Bell, Kayce et al. (2021). Disentangling lousy relationships: Comparative phylogenomics of two sucking louse lineages parasitizing chipmunks [Dataset]. Dryad.


The evolution of obligate parasites is often interpreted in light of their hosts’ evolutionary history. An expanded approach is to examine the histories of multiple lineages of parasites that inhabit similar environments on a particular host lineage. Western North American chipmunks (genus Tamias) have a broad distribution, a history of divergence with gene flow, and host two species of sucking lice (Anoplura), Hoplopleura arboricola and Neohaematopinus pacificus. From total genomic sequencing, we obtained sequences of over 1100 loci sampled across the genomes of these lice to compare their evolutionary histories and examine the roles of host association in structuring louse relationships. Within each louse species, clades are largely associated with closely related chipmunk host species. Exceptions to this pattern appear to have a biogeographic component, but differ between the two louse species. Phylogenetic relationships among these major louse clades, in both species, are not congruent with chipmunk relationships.
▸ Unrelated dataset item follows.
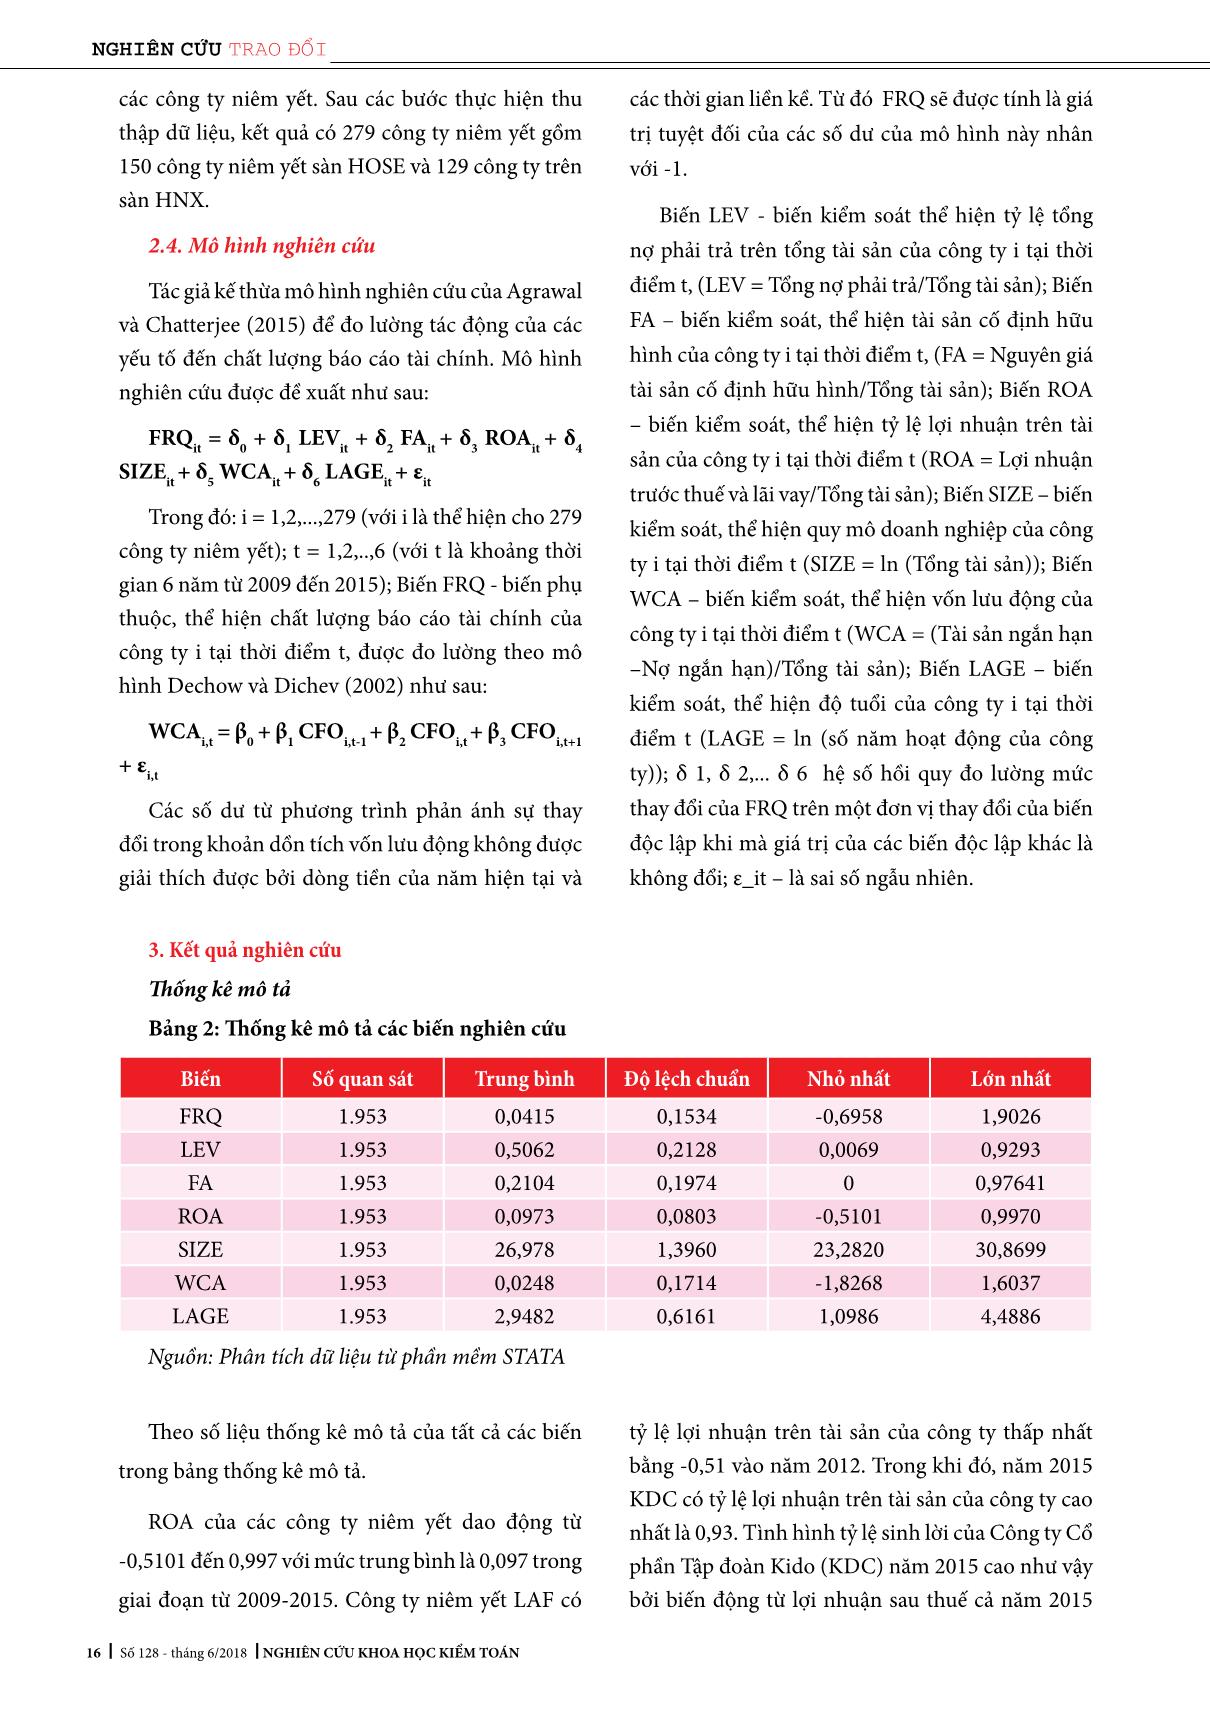 Các yếu tố ảnh hưởng đến chất lượng Báo cáo tài chính: Nghiên cứu thực nghiệm tại Việt Nam trang 4
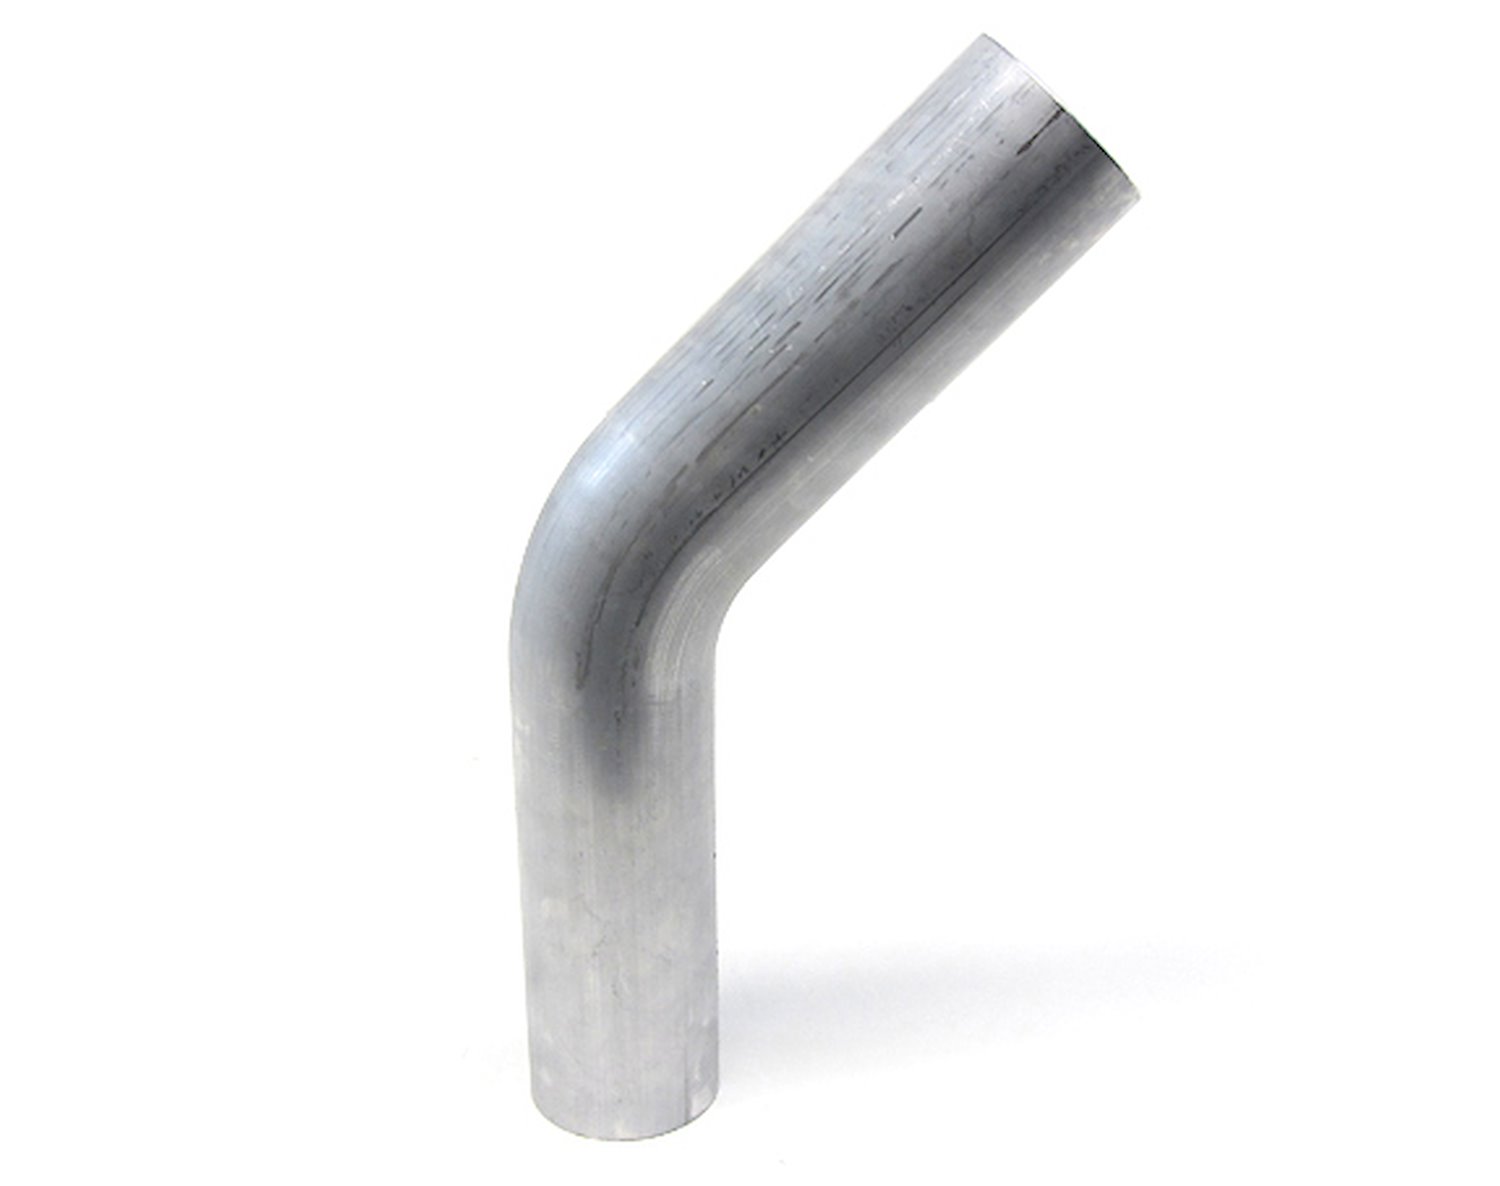 AT45-150-CLR-2 Aluminum Elbow Tube, 6061 Aluminum, 45-Degree Bend Elbow Tubing, 1-1/2 in. OD, Tight Radius, 2 in. CLR

In the context of host associations, each louse lineage has a different evolutionary history, supporting the hypothesis that host-parasite assemblages vary both across the landscape and with the taxa under investigation. In addition, the louse Hoplopleura erratica (parasitizing the eastern Tamias striatus) is embedded within H. arboricola, rendering it paraphyletic. This phylogenetic result, together with comparable divergences within H. arboricola, indicate a need for taxonomic revision. Both host divergence and biogeographic components shape parasite diversification as demonstrated by the distinctive diversification patterns of these two independently evolving lineages that parasitize the same hosts.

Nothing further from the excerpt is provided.